» INFORMATION SUPPLIED:
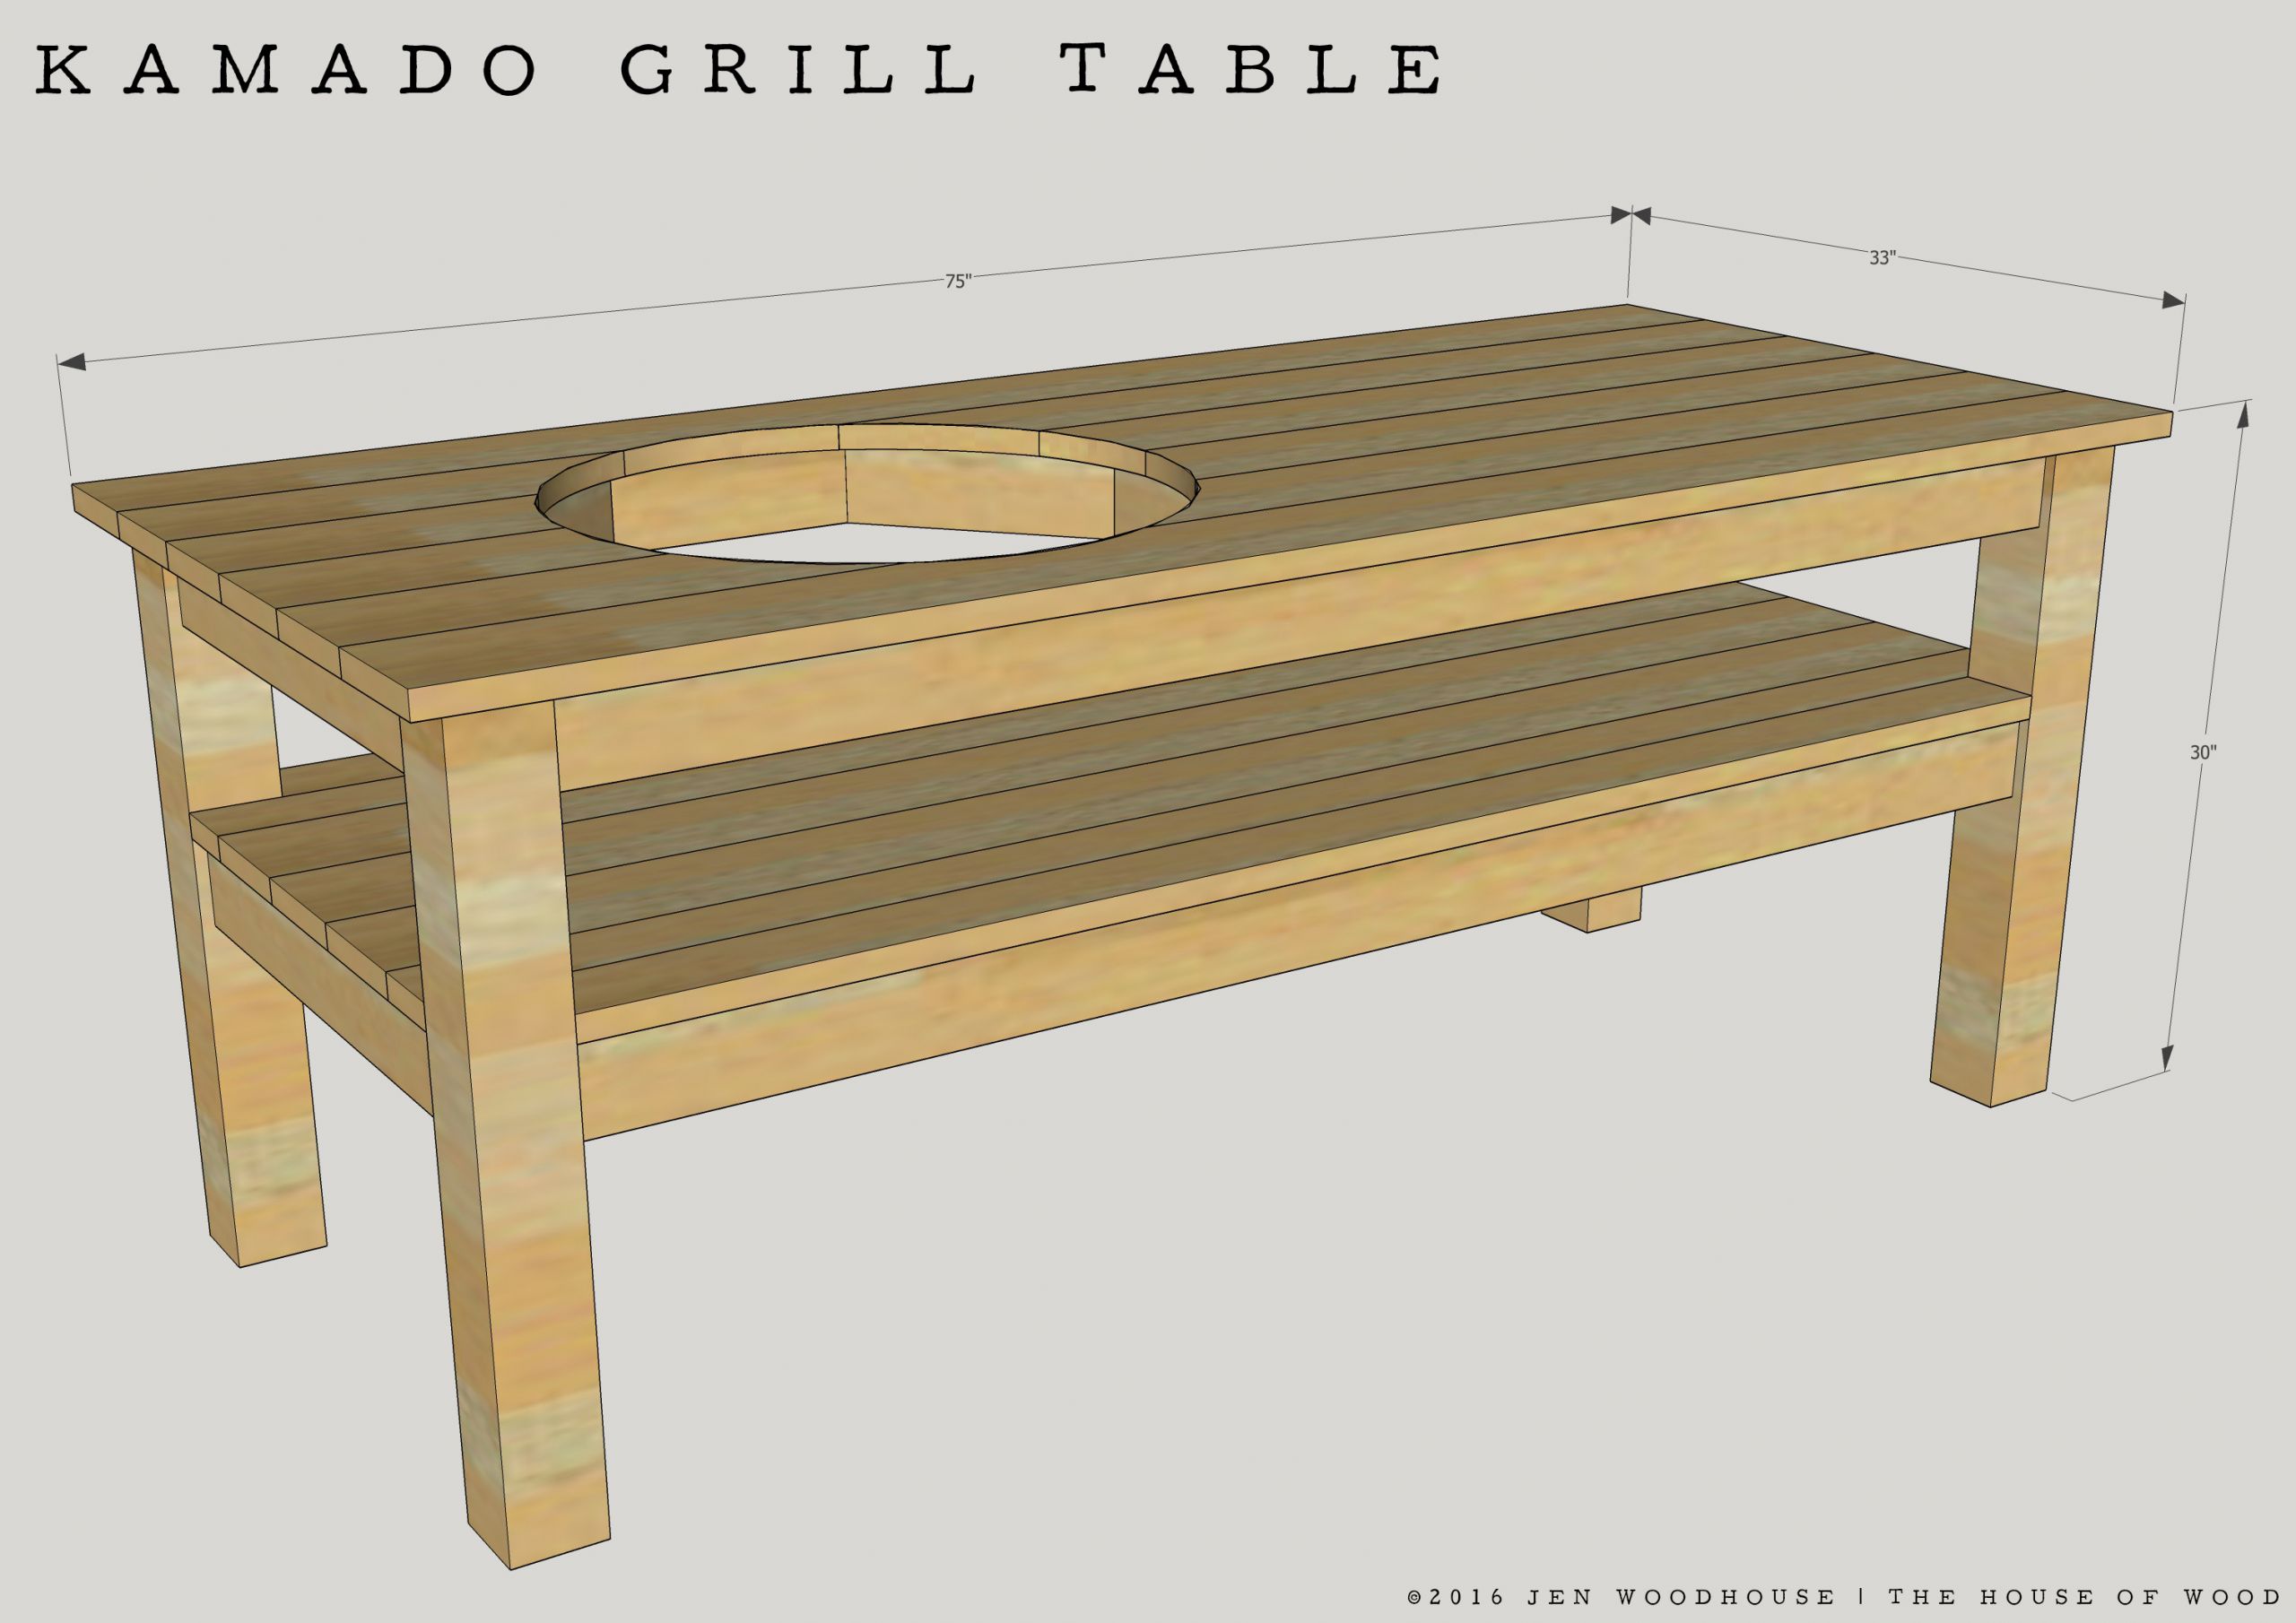 DIY Grill Table Plans
 DIY Kamado Grill Table
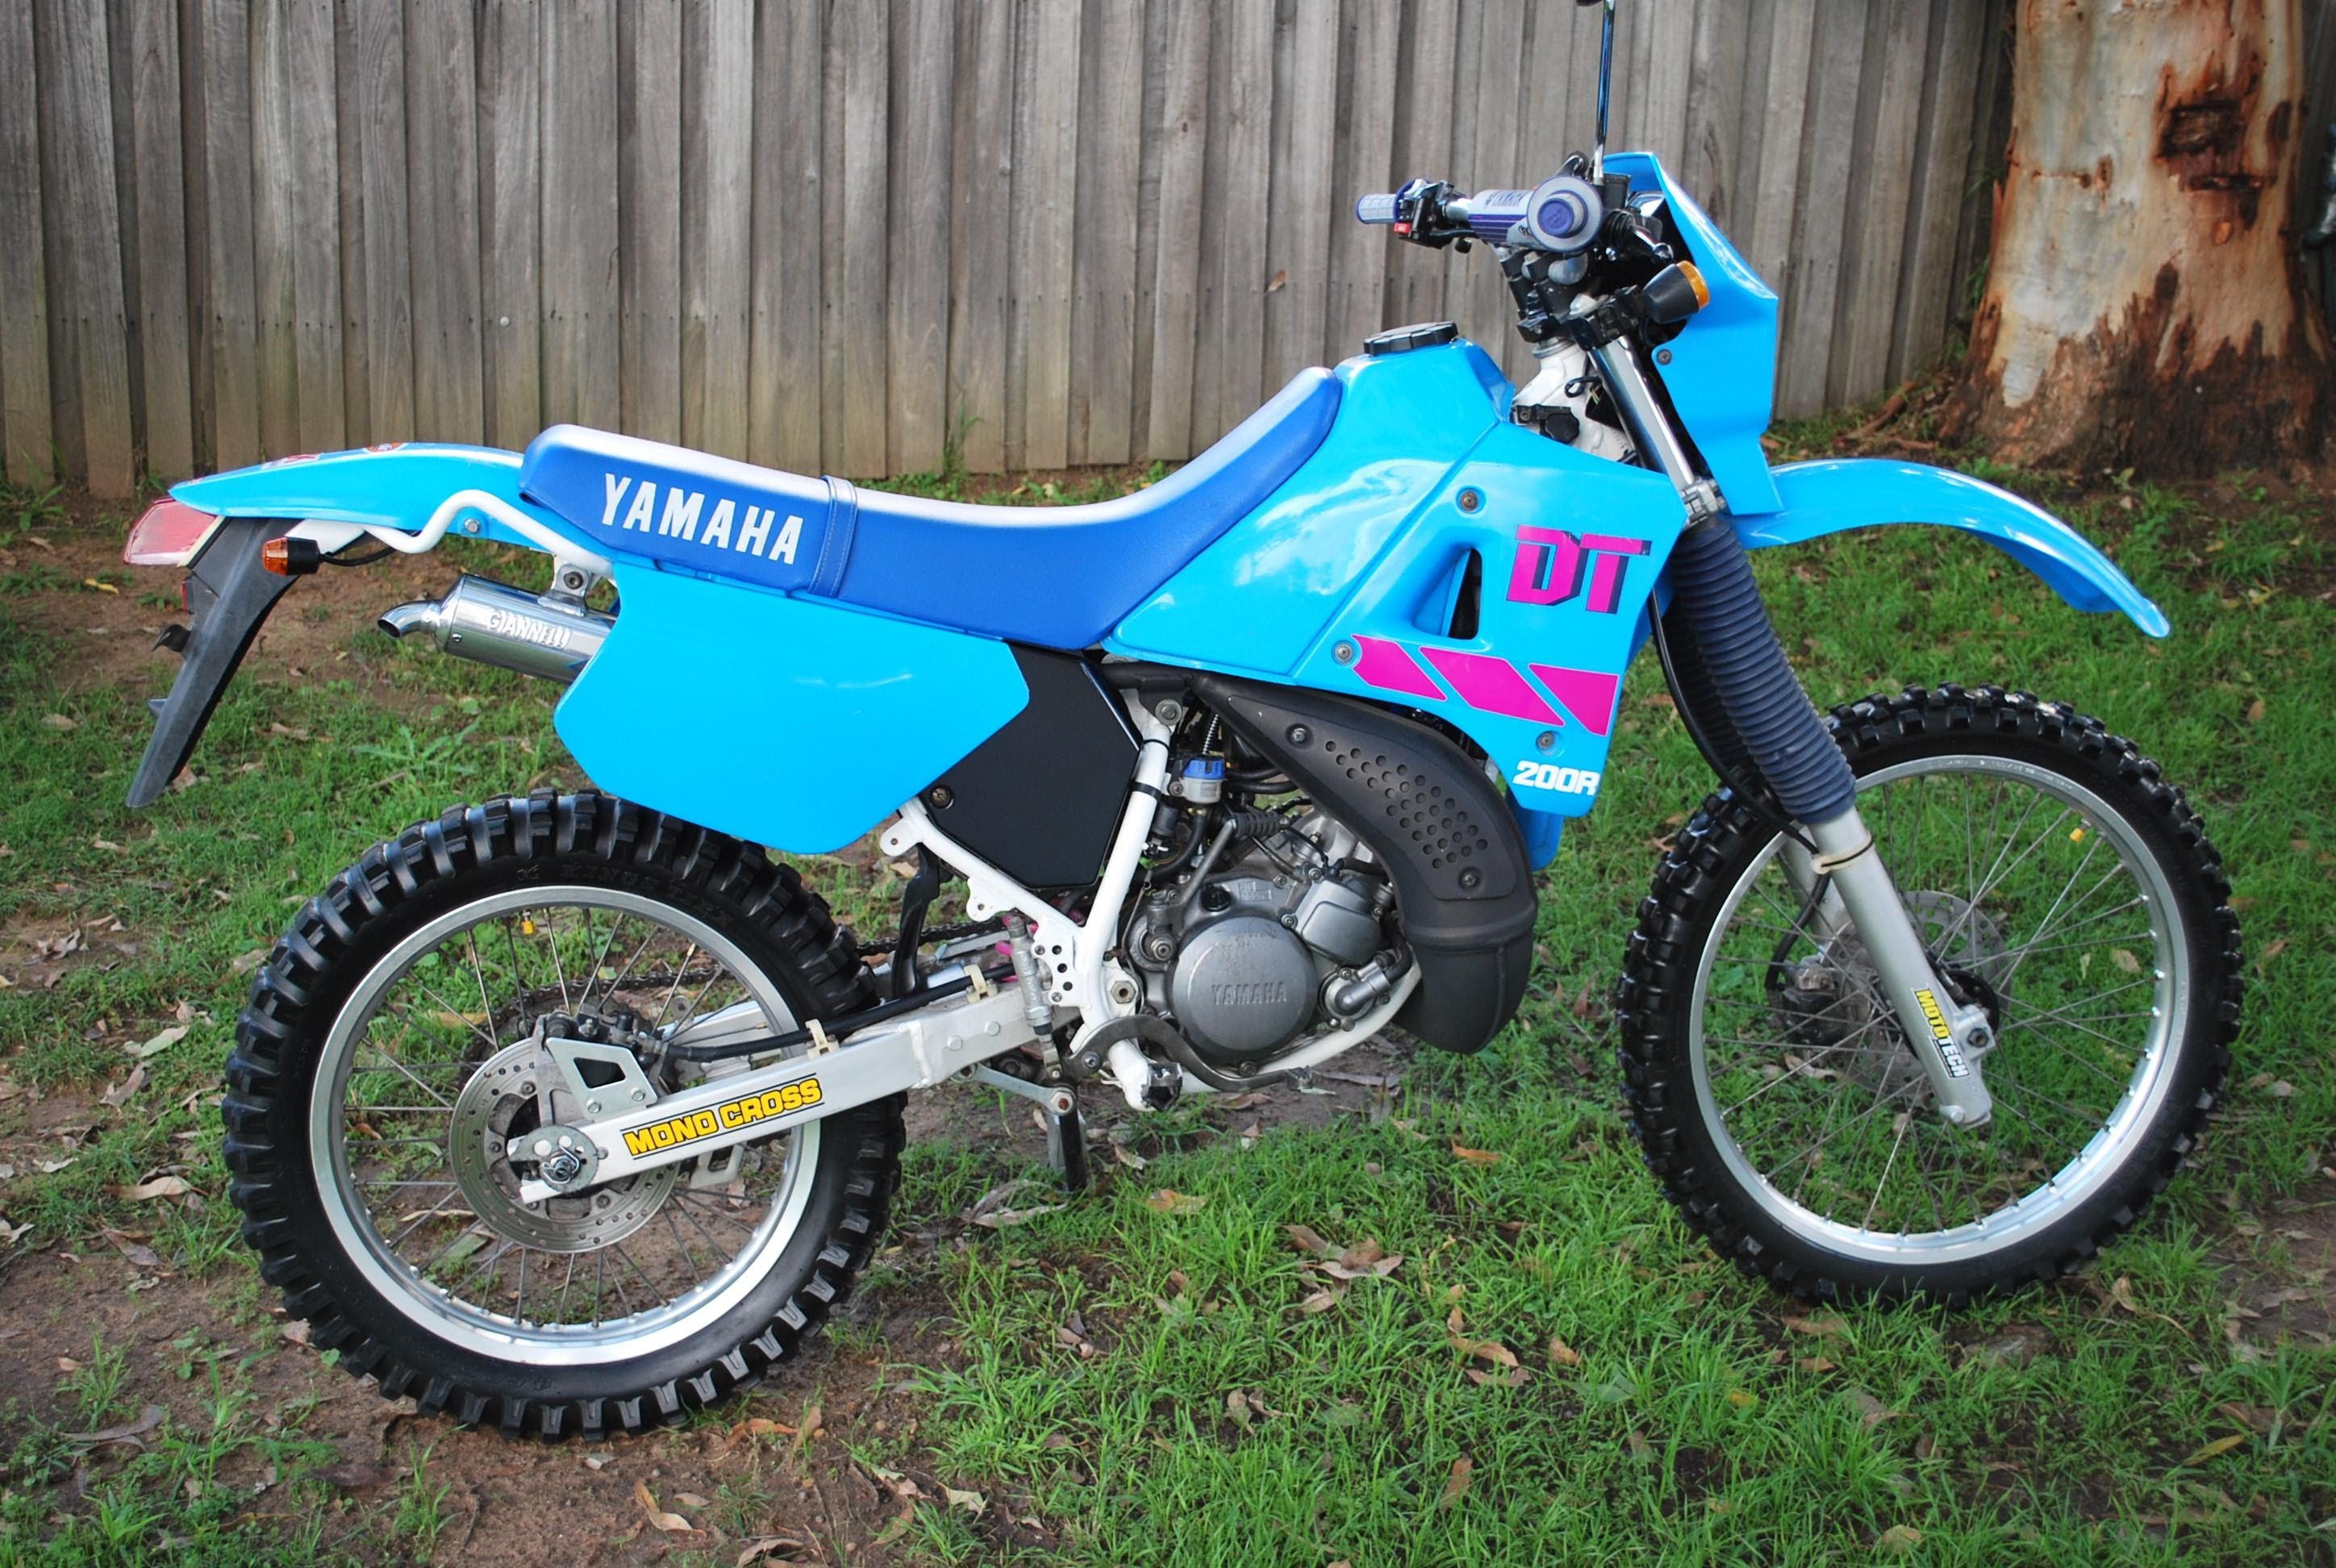 Yamaha DT200R Photos, Informations, Articles - Bikes

» AIM OF THE TASK:
Without including any picture, write out the material above exactly.

» TASK OUTPUT:
 DIY Grill Table Plans
 DIY Kamado Grill Table
 Yamaha DT200R Photos, Informations, Articles - Bikes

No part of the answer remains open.